Manhattan - Christmas 2000
The Metropolitan Museum of Art
![]() The Met Museum is the largest museum in the Western hemisphere. I originally scheduled a whole afternoon [!] to see the exhibits. I eventually visited the museum three times and still only glimpsed what was available. The phrase 'So much to see and so little time in which to see it' was never so appropriate. The temporary exhibitions took priority. The Met celebrated the start of the new millennium with an exhibition of items that were created around Year One. It was very educational and I was interested to read of the many different cultures that existed around the world when Jesus was born. The exhibition of New-York, the Empire city showed a city I was familiar with from reading the novels of Henry James and Edith Wharton.

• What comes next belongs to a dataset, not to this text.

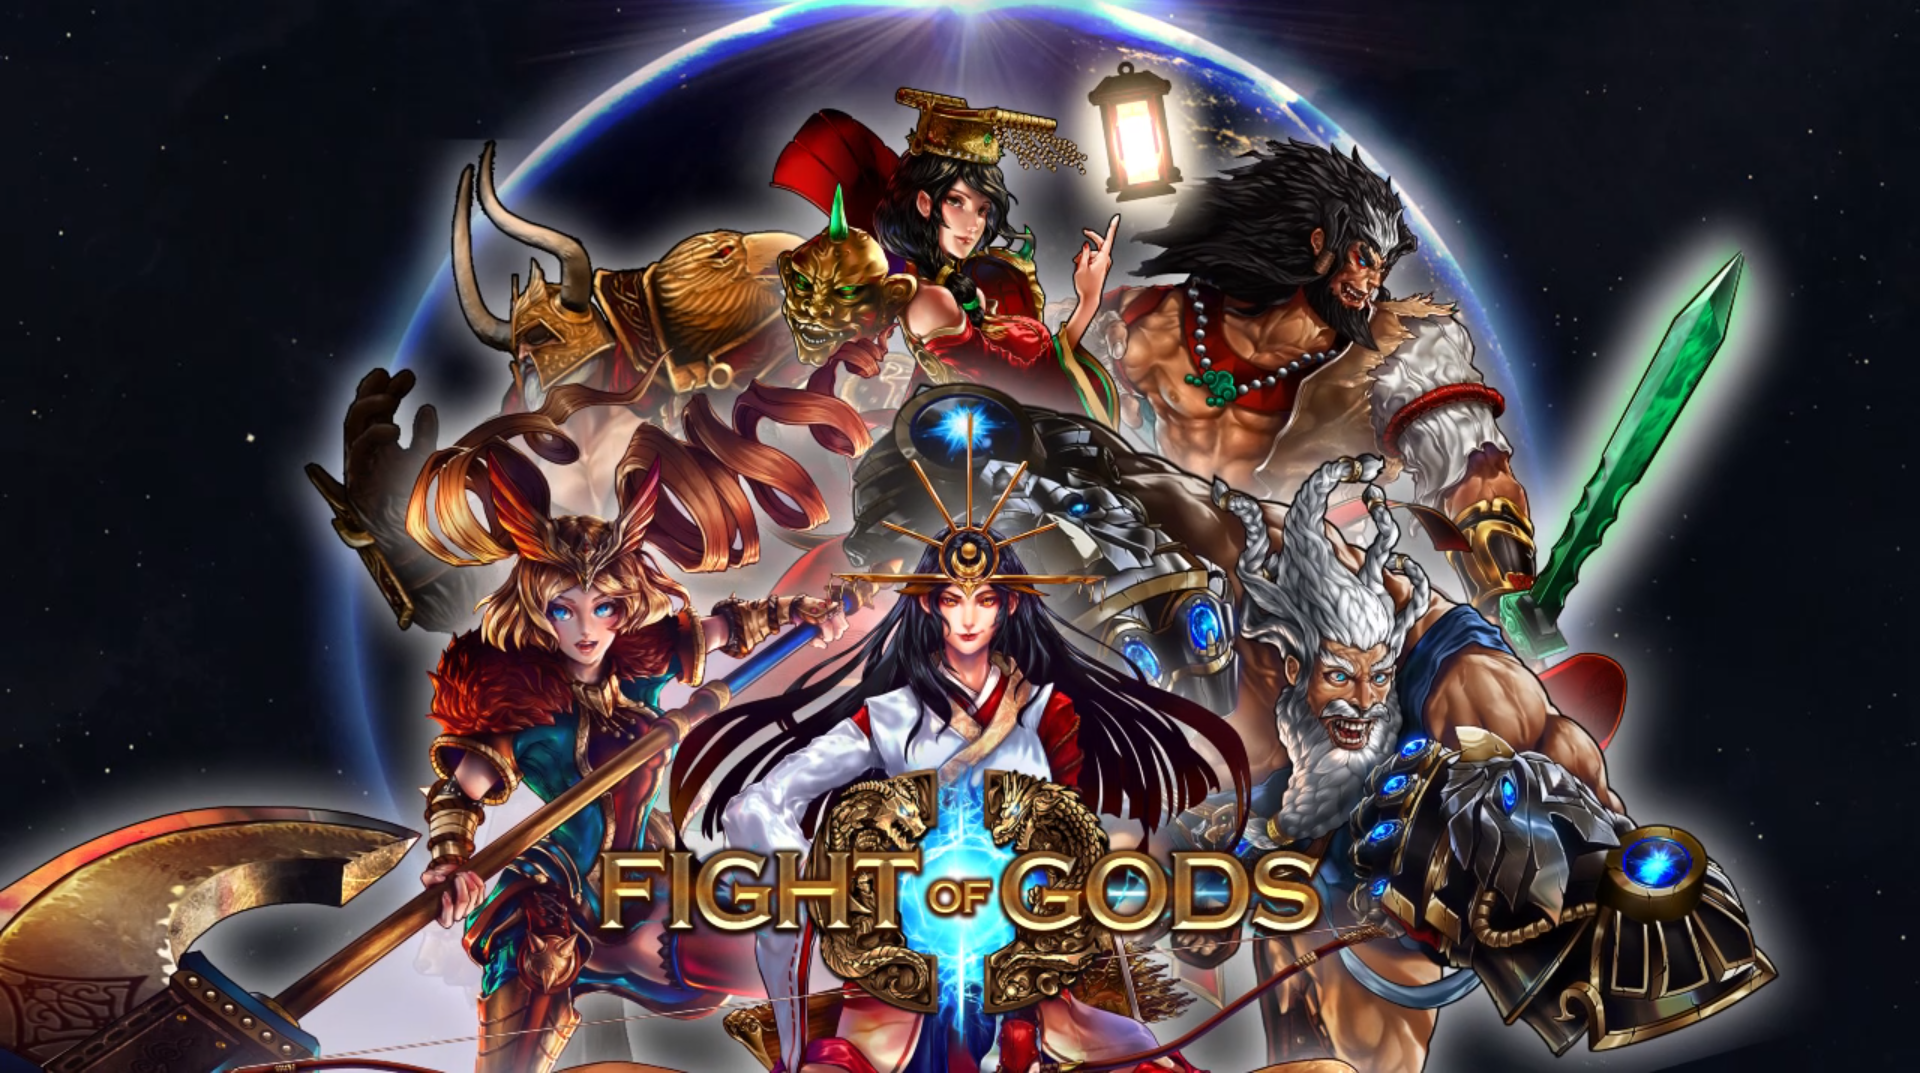 神々の格闘ゲーム Fight Of Gods のps4版が配信開始 Pc版発売当時からキャラクターデザインを調整

I enjoyed learning more about the Knickerbocker artists and writers [these included the authors James Fenimore Cooper and Washington Irving and the artist/inventor Samuel B Morse]. One of the artists in this group, Robert Walker Weir, contributed to the image of Santa Claus when he painted 'A Visit from Saint Nicholas' in 1837. Anyway, gentle reader, more about this another time. I appreciate you're here to see the photos. I will just say that you should buy a membership of the Met and spend every morning at the museum to see the incredible collection of Impressionist, Renaissance, American, and European paintings. Not to mention, but I shall, the Arms and Armour, Egyptian, sculptures, courtyards and gift shops scattered throughout the building.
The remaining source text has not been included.